_TASK OBJECTIVE_
From the line with "Developing Underground Space" to the line with "Morrigan - The Raven Queen", retype each line exactly as it stands in the records below, but skip the pictures.

_DATA TO EXAMINE_
* * * * * * * * *
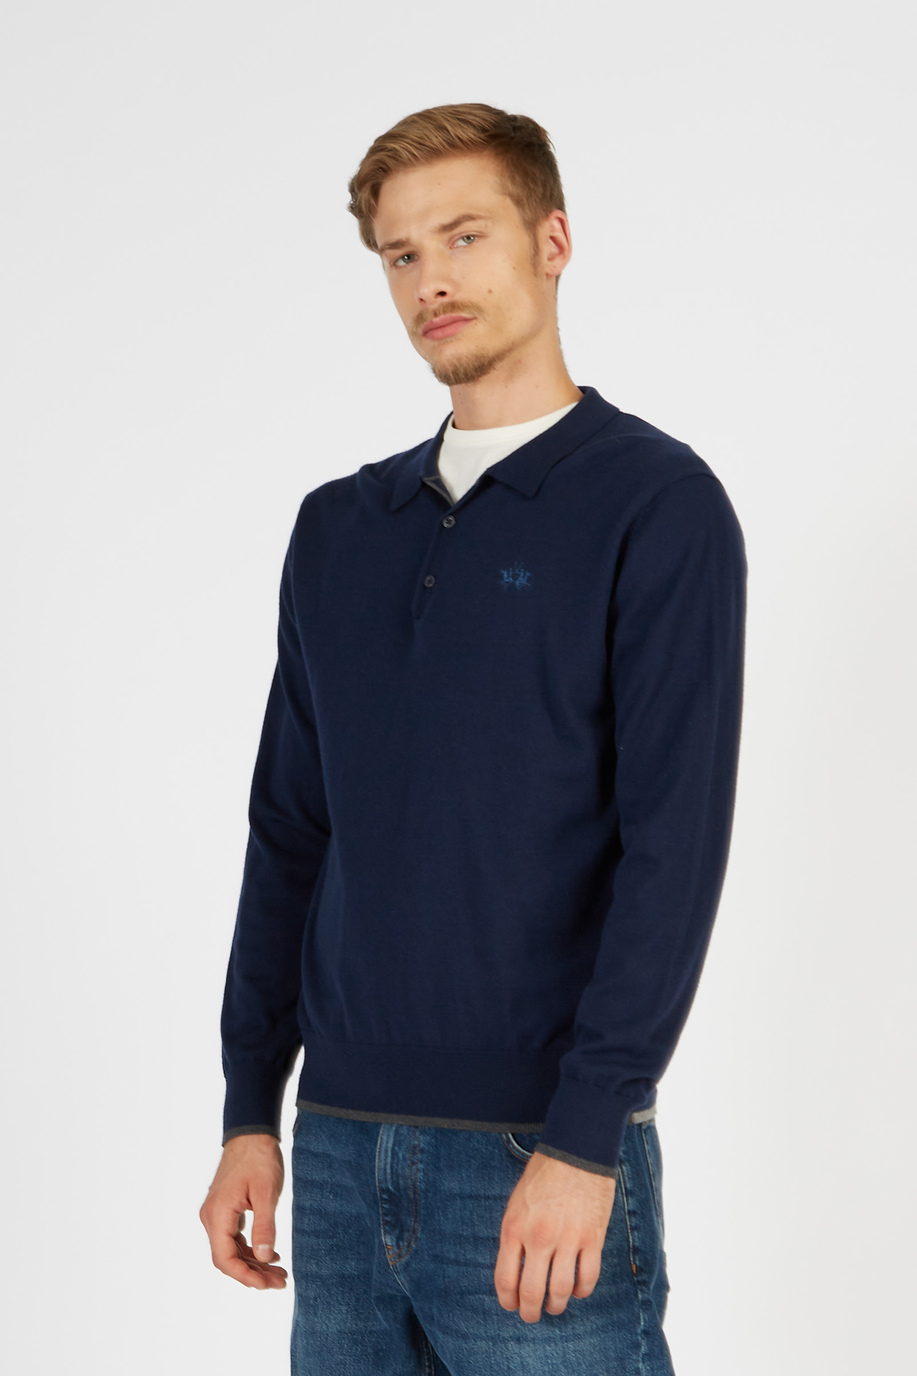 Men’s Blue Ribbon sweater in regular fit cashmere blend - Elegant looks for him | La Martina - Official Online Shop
* * * * * * * * *
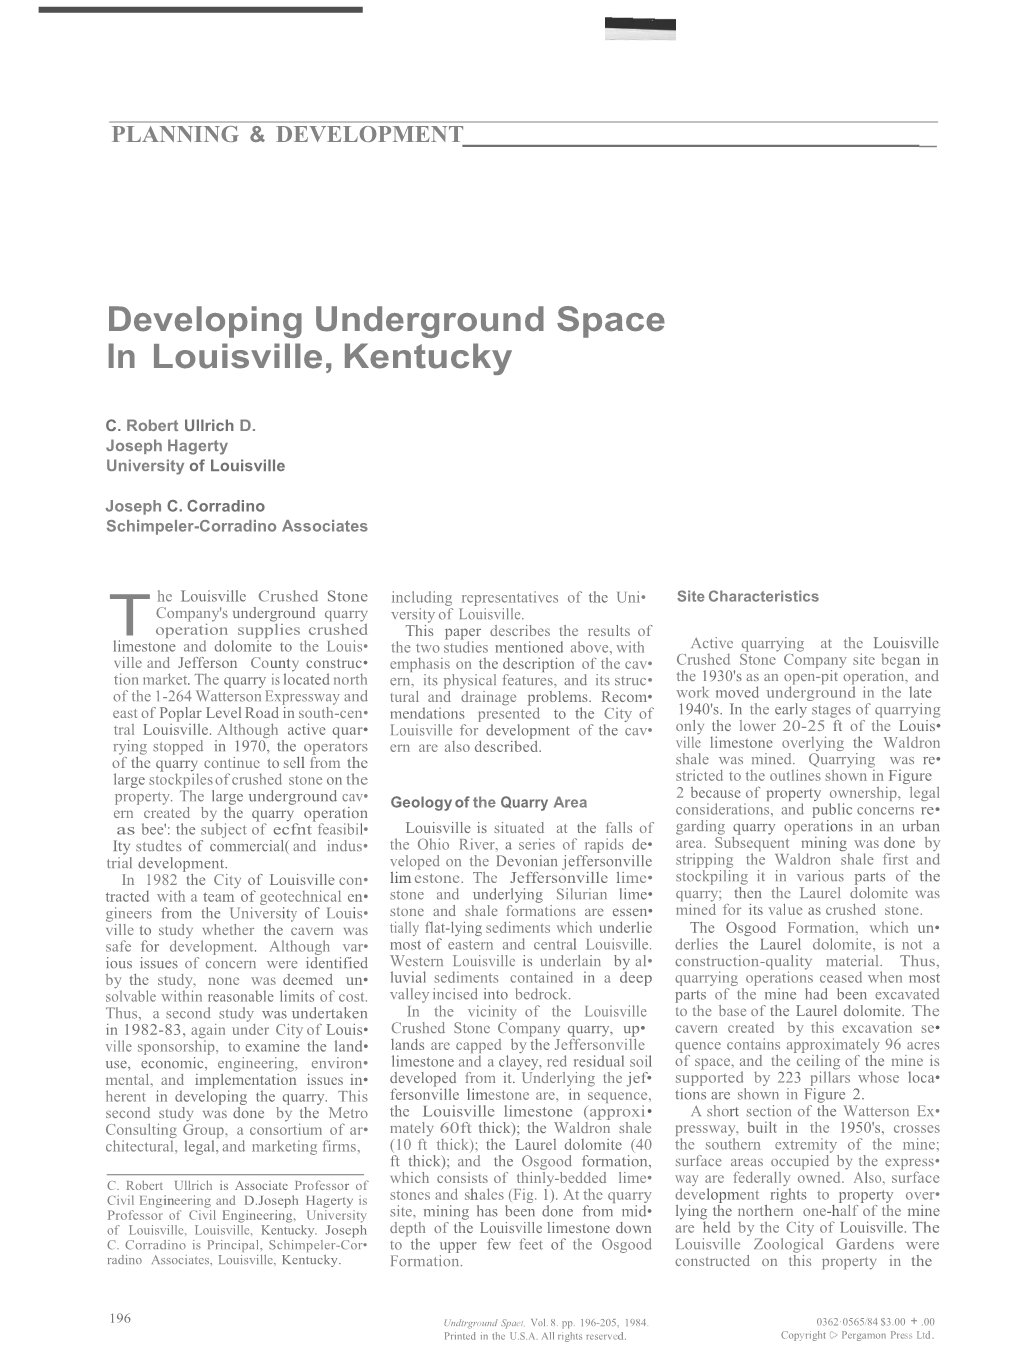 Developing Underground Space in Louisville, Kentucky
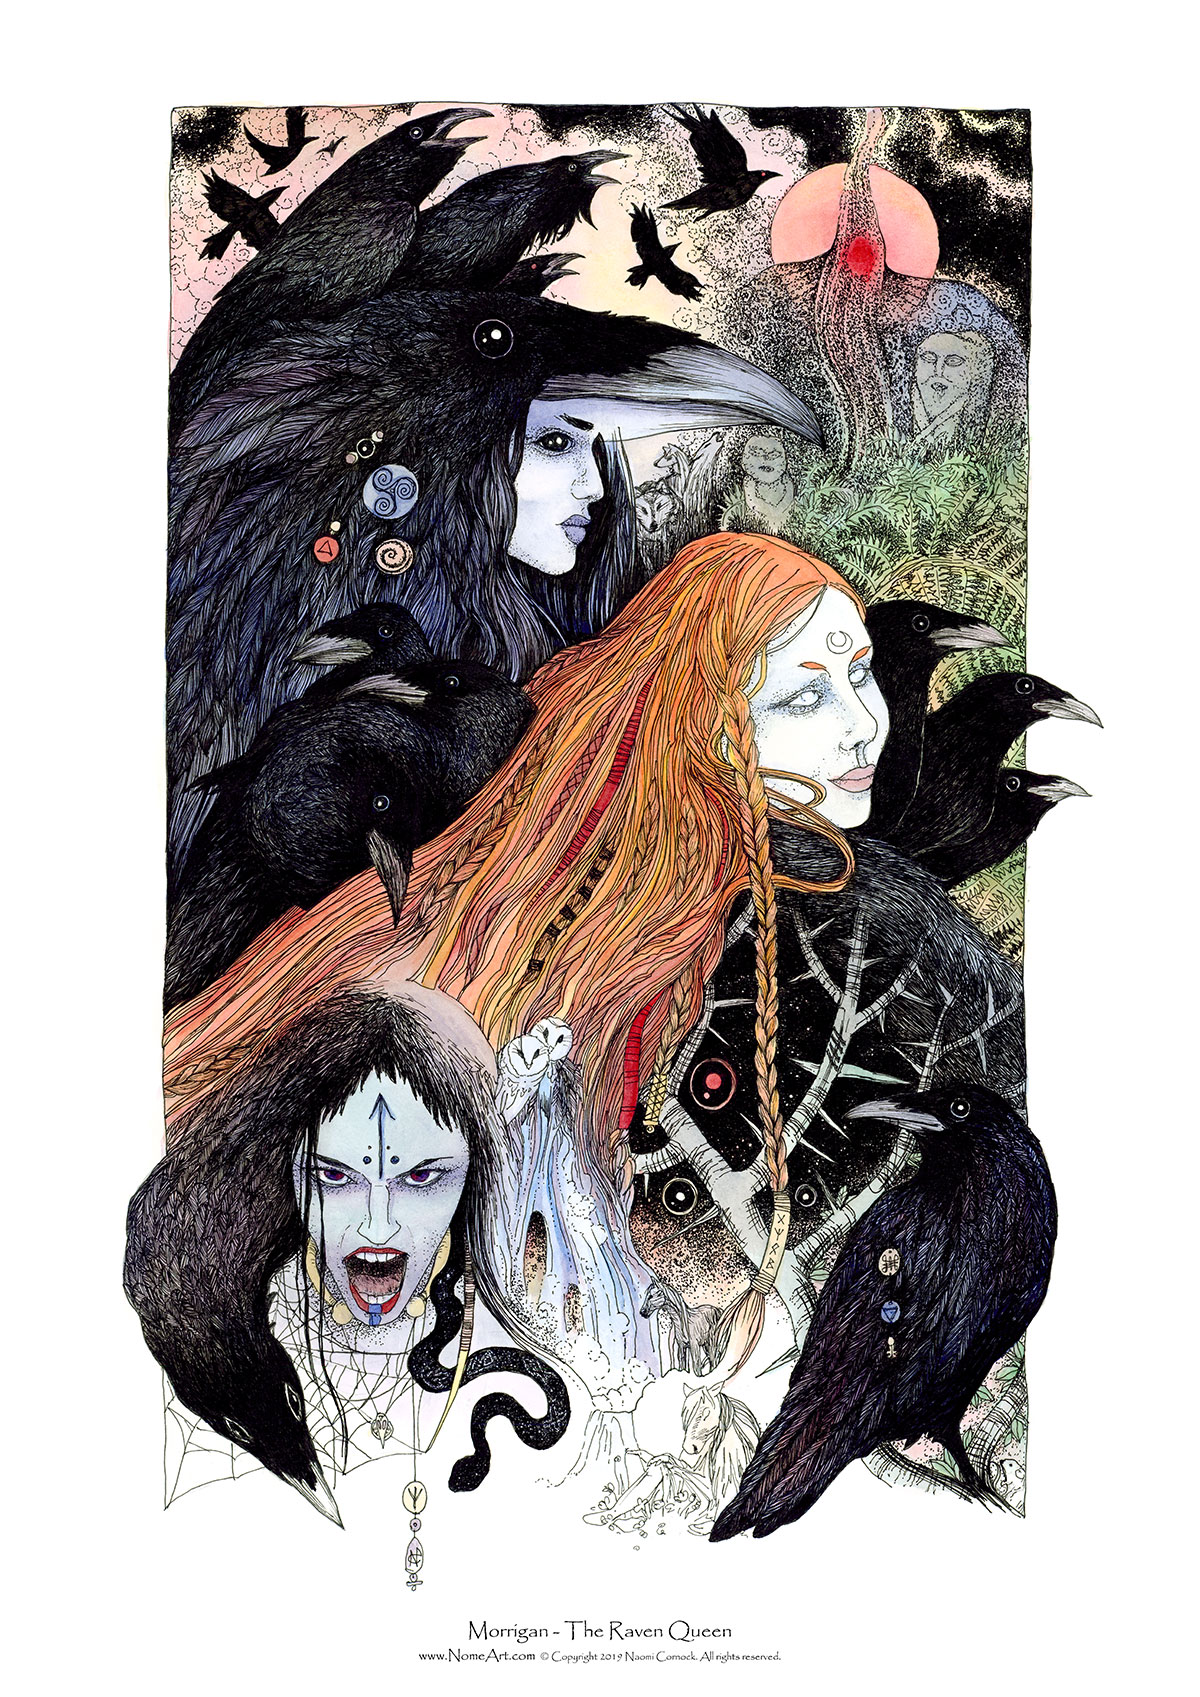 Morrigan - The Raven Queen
* * * * * * * * *
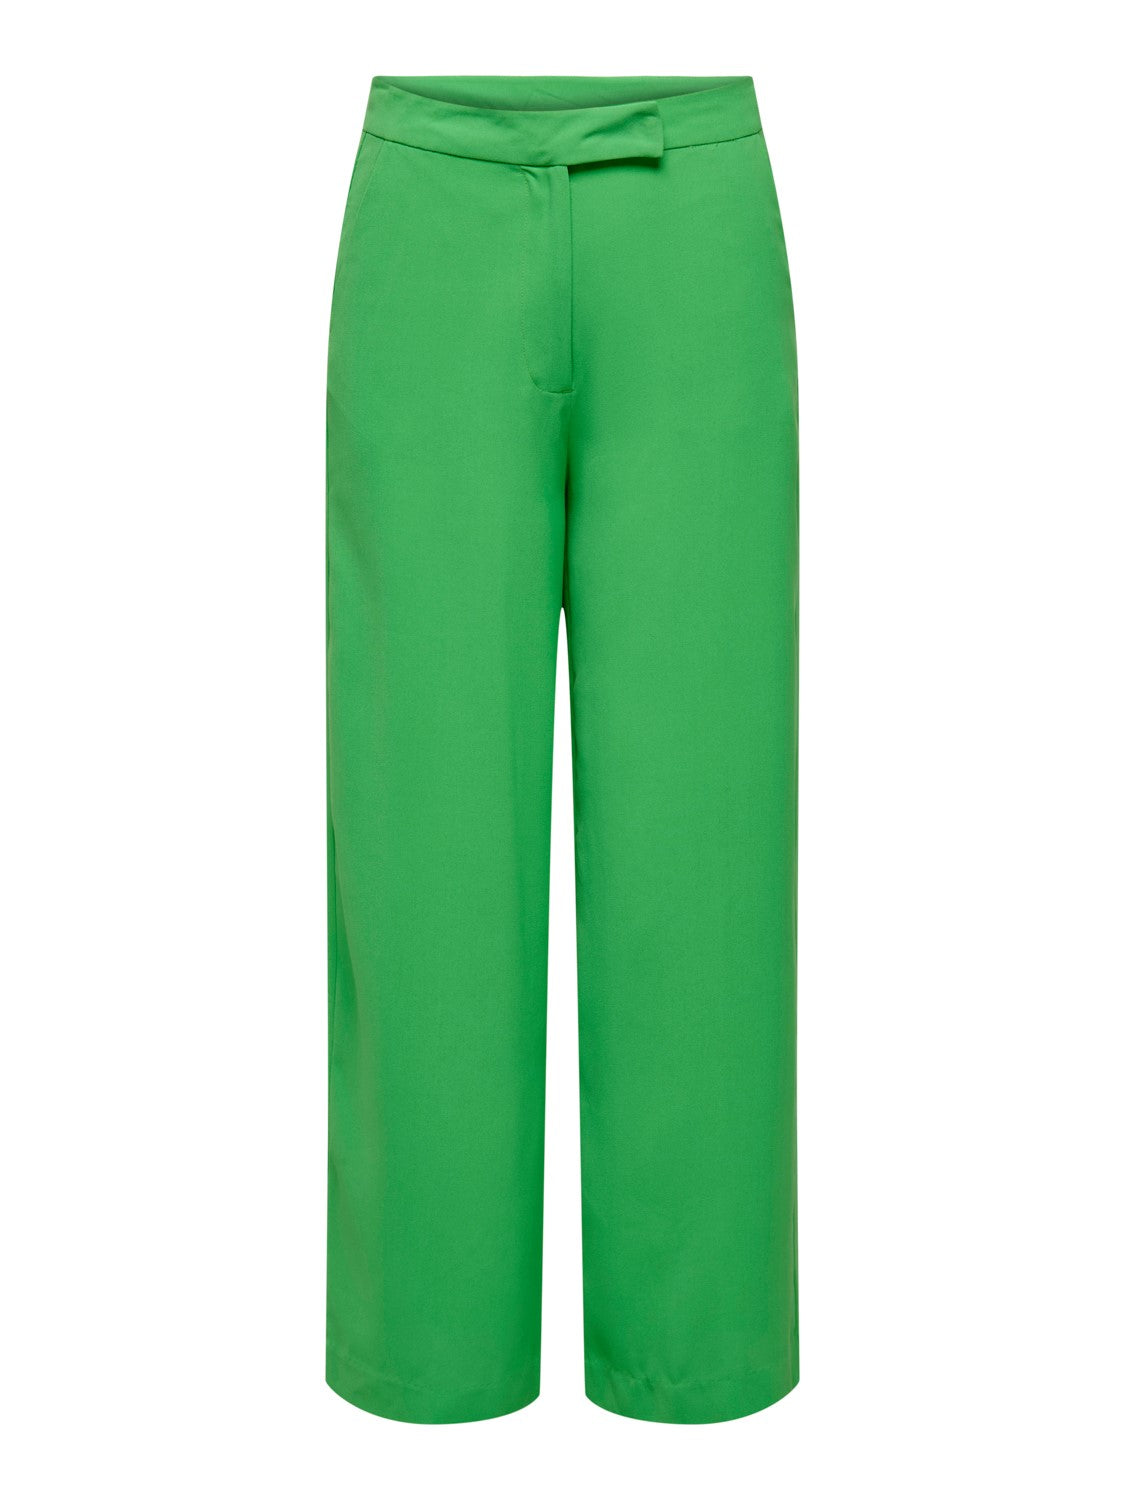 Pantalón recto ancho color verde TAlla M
* * * * * * * * *
_SOLUTION TO THIS PROBLEM_
 Developing Underground Space in Louisville, Kentucky
 Morrigan - The Raven Queen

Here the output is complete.